Balancing competing human rights and interests is a complex exercise for legislators. When the subject is the right to privacy, giving effect to a new law can be even trickier. The enactment of the Protection of Personal Information Act (PoPIA) in 2013 is a prime example.
In a sector that utilises new integrated technology to surveil and protect citizens and businesses, leading security companies must stay on the cutting-edge of smart solutions, on the one hand, and comply with privacy laws on the other hand. Amid a competitive race to rollout ‘big brother’ technology, the industry must weigh competing interests to ensure they do not breach privacy laws.
Select sections of PoPIA have come into effect, but many of the provisions that create compliance requirements have yet to commence. Uncertainty about when the law will be fully implemented is no reason for the industry to delay implementing operational regime changes. Those slow off the mark risk being left behind by advances in the dual realms of technology and regulation.
As a starting point, businesses must read the Information Regulator’s PoPIA guidelines specifying the duties and responsibilities of ‘information officers’, who are essentially a company’s point person on all matters related to information security.
A security company with a national footprint in residential and commercial markets, such as Fidelity ADT, has already started examining its policies and procedures to ensure it’s aligned with PoPIA. The company’s integrated solutions for office parks and commercial business premises include visual verification monitoring, CCTV surveillance, and vehicle tracking.
Fidelity ADT uses a locally produced motion-activated recording system developed by SecuVue. “With the systems in place at commercial properties, we can use facial recognition technology to compare images against a detailed database of ‘persons of interest’ when the need arises,” says Clive van Ryneveld, Fidelity ADT commercial executive. The system was built for the South African market ensuring seamless integration into existing infrastructure.

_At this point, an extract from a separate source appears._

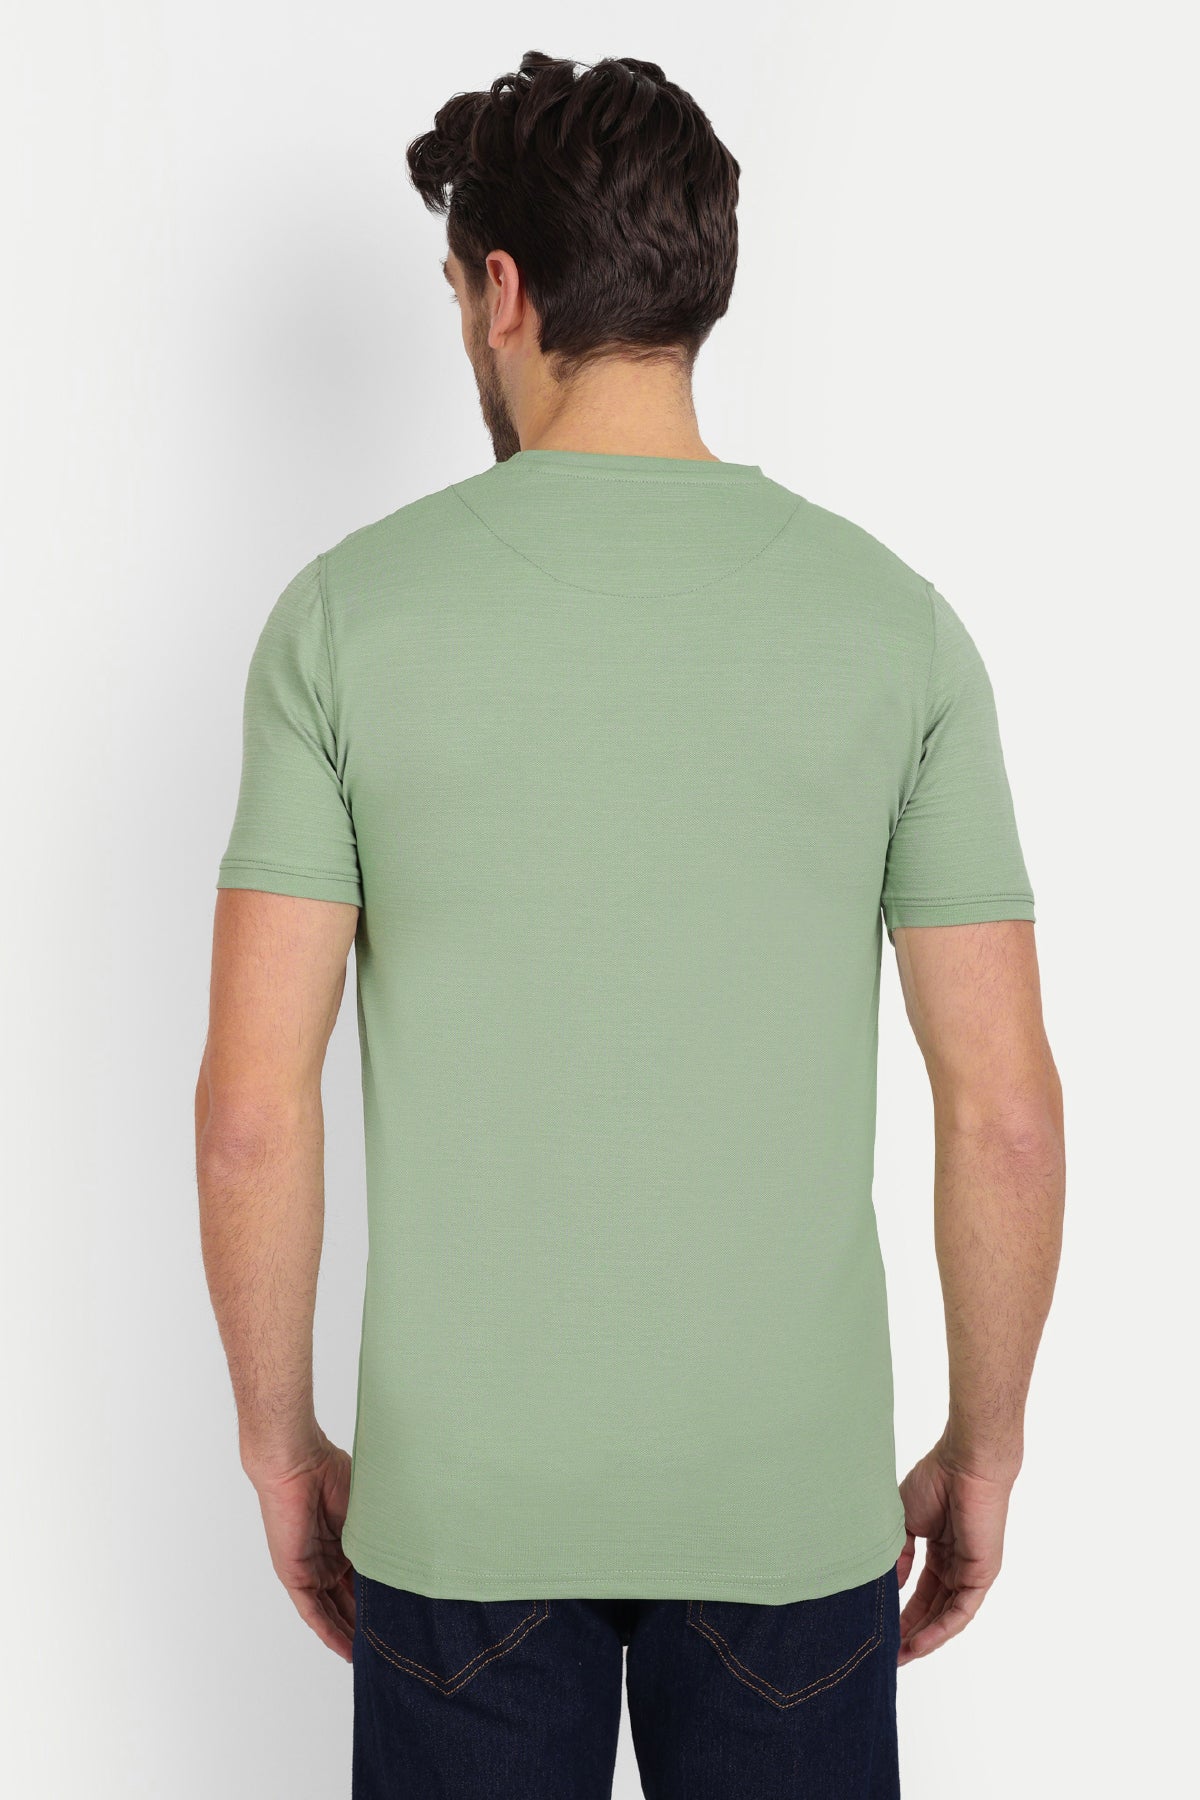 Printed Men Round Neck Spring Green T-Shirt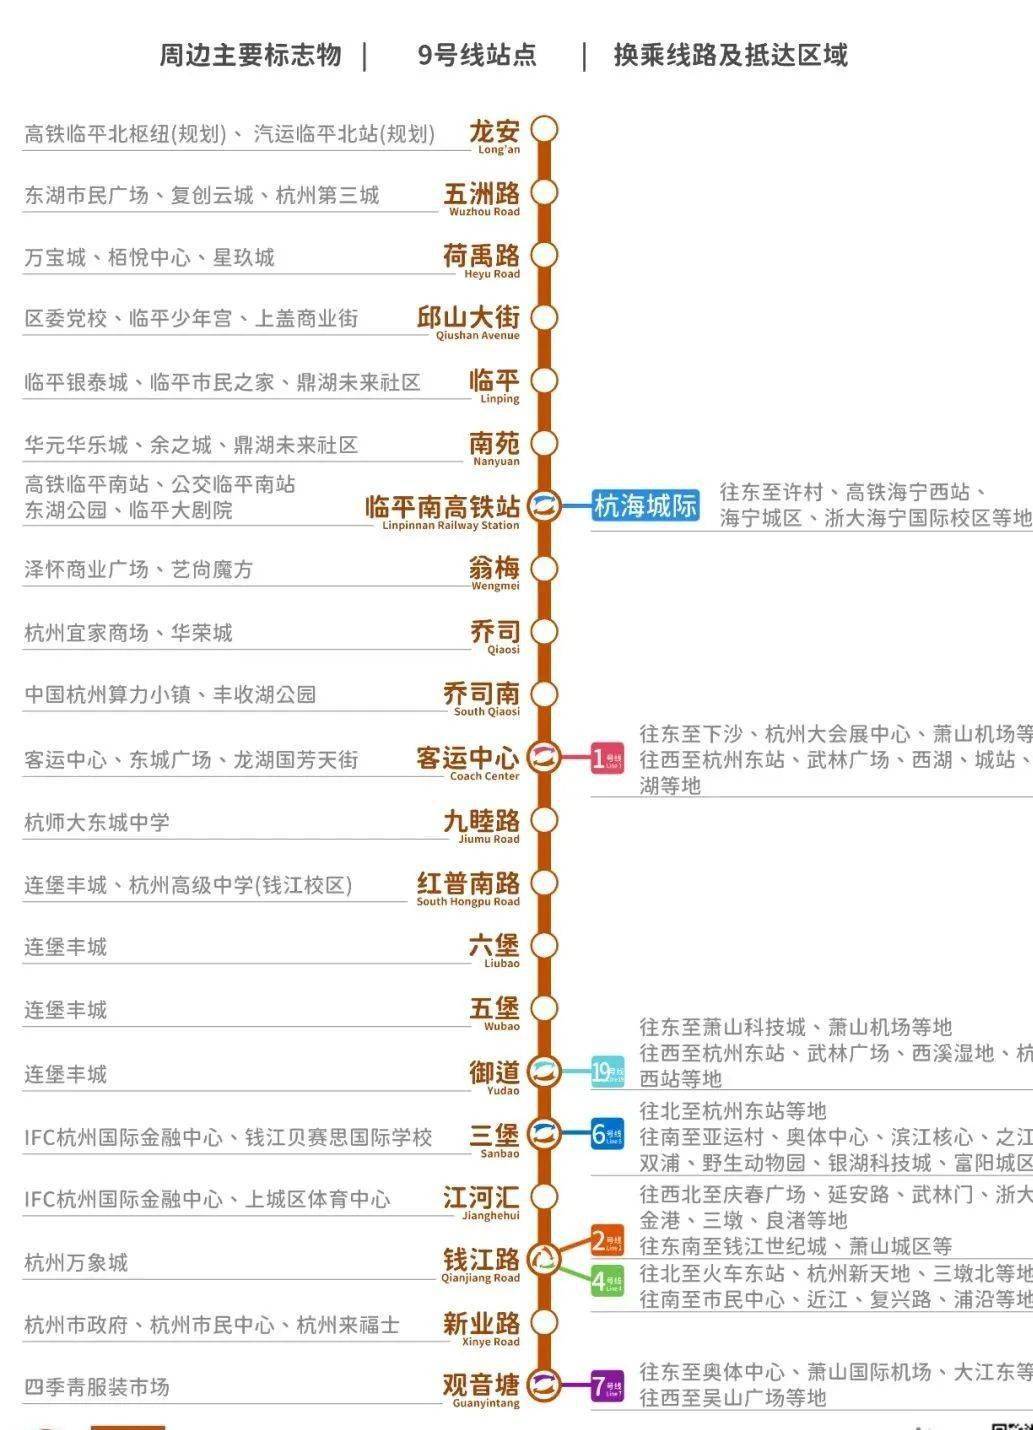 杭州地铁9号线一期南段4月1日上午10:00开通运行,直通钱江新城!

The cameras are monitored by the Fidelity ADT control room operator, reducing the risk of false alarms.
‘Smart analytics algorithms’ automatically verify information, reducing the need for human intervention, he adds.
Van Ryneveld says Fidelity ADT’s commercial offerings are centrally controlled and operated so its systems are ready for PoPIA. “In the meantime, we are auditing how our electronic systems and employees gather information.”
Fidelity ADT employees are also restricted in terms of the type of information they are allowed to access, edit or collect. “This is driven by a system and authorisation protocol, internal policies and procedures.” As a security provider, Van Ryneveld says, the company regards customer information as highly confidential, so safeguards and automatic audit trails are embedded into its system.
The remaining sections of PoPIA will only commence once the Information Regulator is fully operational, which could be at the end of 2018. When the President proclaims the commencement date, businesses will have a grace period of one year before enforcement begins.